Obviously the Russians don't normally know either, since they have no reason to want to put accents when typing in Russian... 
This problem is specific for people who are learning Russian with a starting point in a language with Latin letters. 
I guess you are in a better starting position than many others though, since you are more used to accents from Spanish.  *
Can you explain exactly what settings you changed in XP? What did you then do, to get the accented vowels when typing in Russian?* *Do you type with the Cyrillic keyboard enabled, or how?  * Did you change something in XP itself, or in Microsoft Word? If it was in Word, what version do you use?If we know exactly how you got this working in XP, then we have a better chance of figuring it out for Windows 7.  
I've had Win7 for as long as I've studied Russian and I would really like to get this working too. 
As for Word: It's relatively unlikely that they removed this functionality, they probably just moved it somewhere else.

----------


## radomir

I don't remember which version of Microsoft Office I was using.

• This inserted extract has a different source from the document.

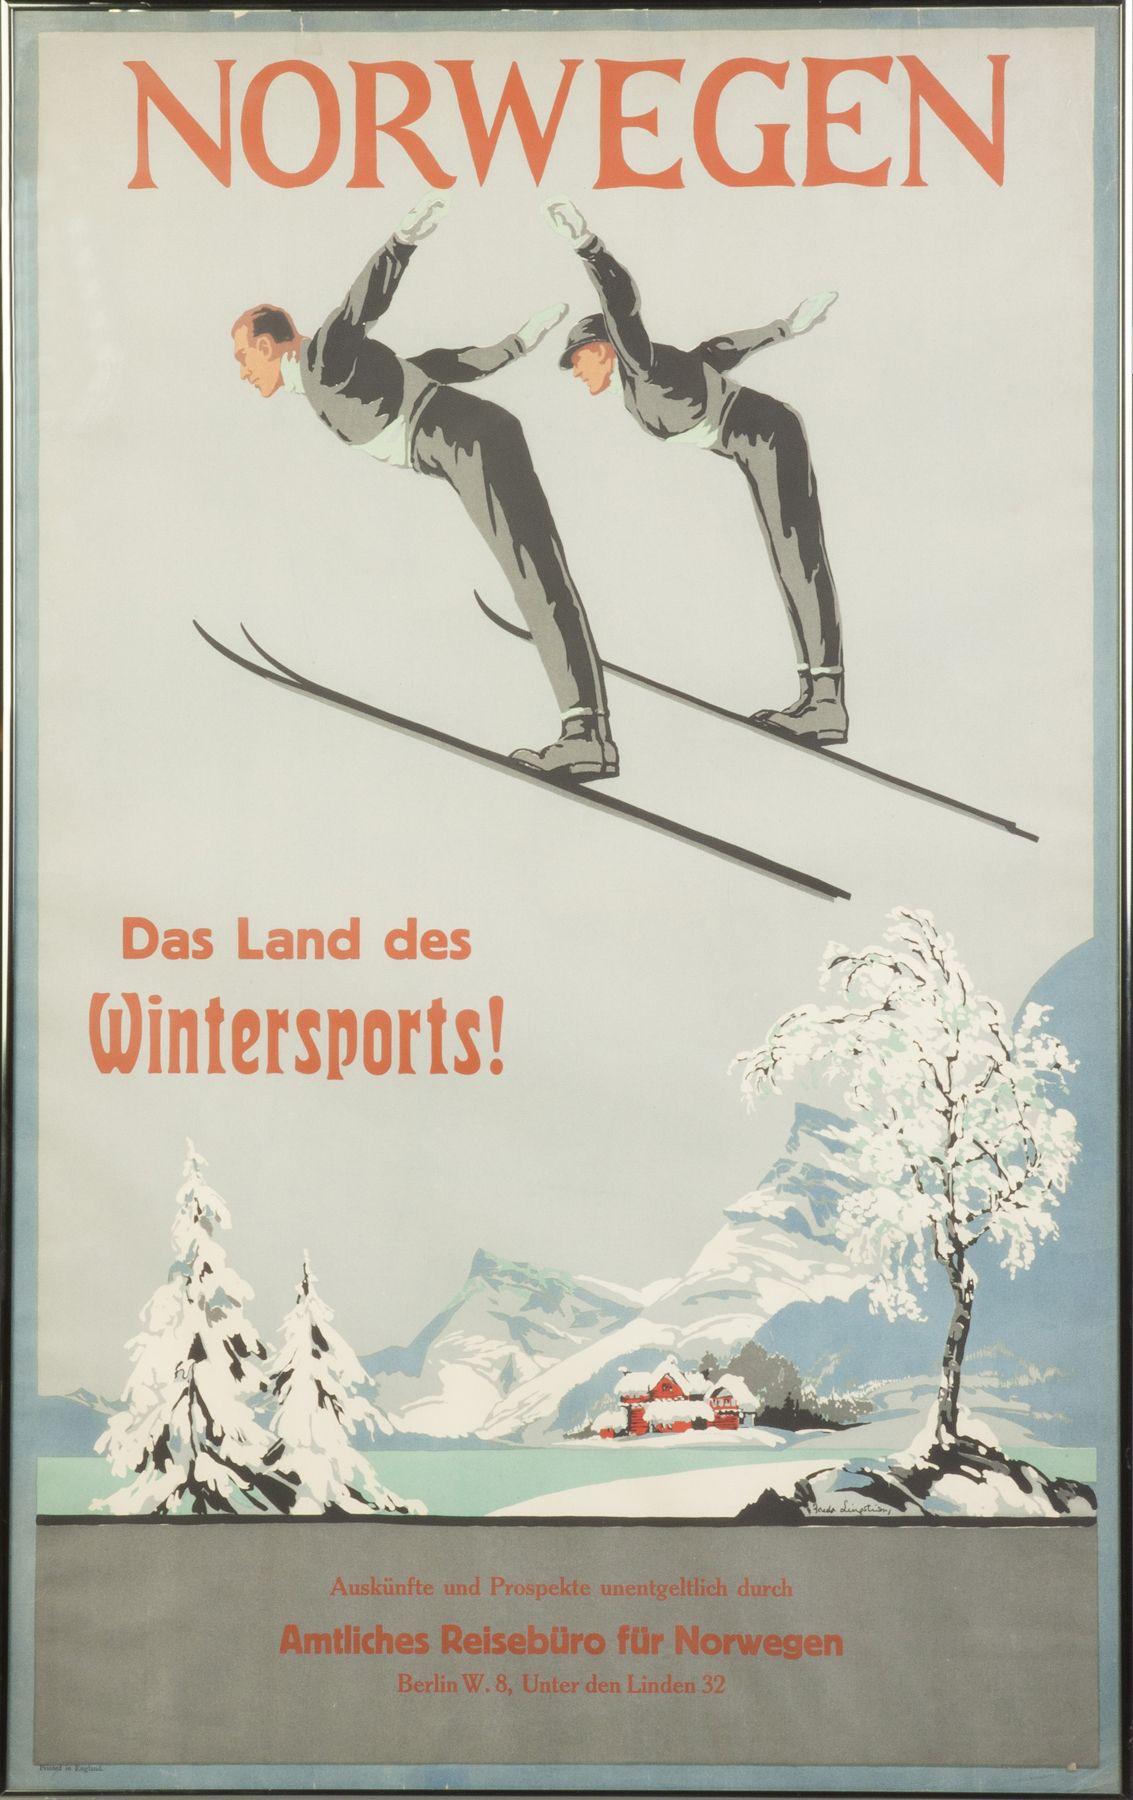 Norwegian Ski Poster By Freda Lingstrom Sold 3 200 Vintage Posters Noorwegen Poster

The present, preinstaled in the PC is Microsoft Office 2010 Starter, including Word and Excel. I can uninstall this Office and install Microsoft Office 2007 that I have in complete version. But will I find again the same problem I have with 2010? Who knows?

----------


## radomir

The version if Office that I had working was previous to 2007.

----------


## kozyablo

> I don't remember which version of Microsoft Office I was using. The present, preinstaled in the PC is Microsoft Office 2010 Starter, including Word and Excel. I can uninstall this Office and install Microsoft Office 2007 that I have in complete version. But will I find again the same problem I have with 2010? Who knows?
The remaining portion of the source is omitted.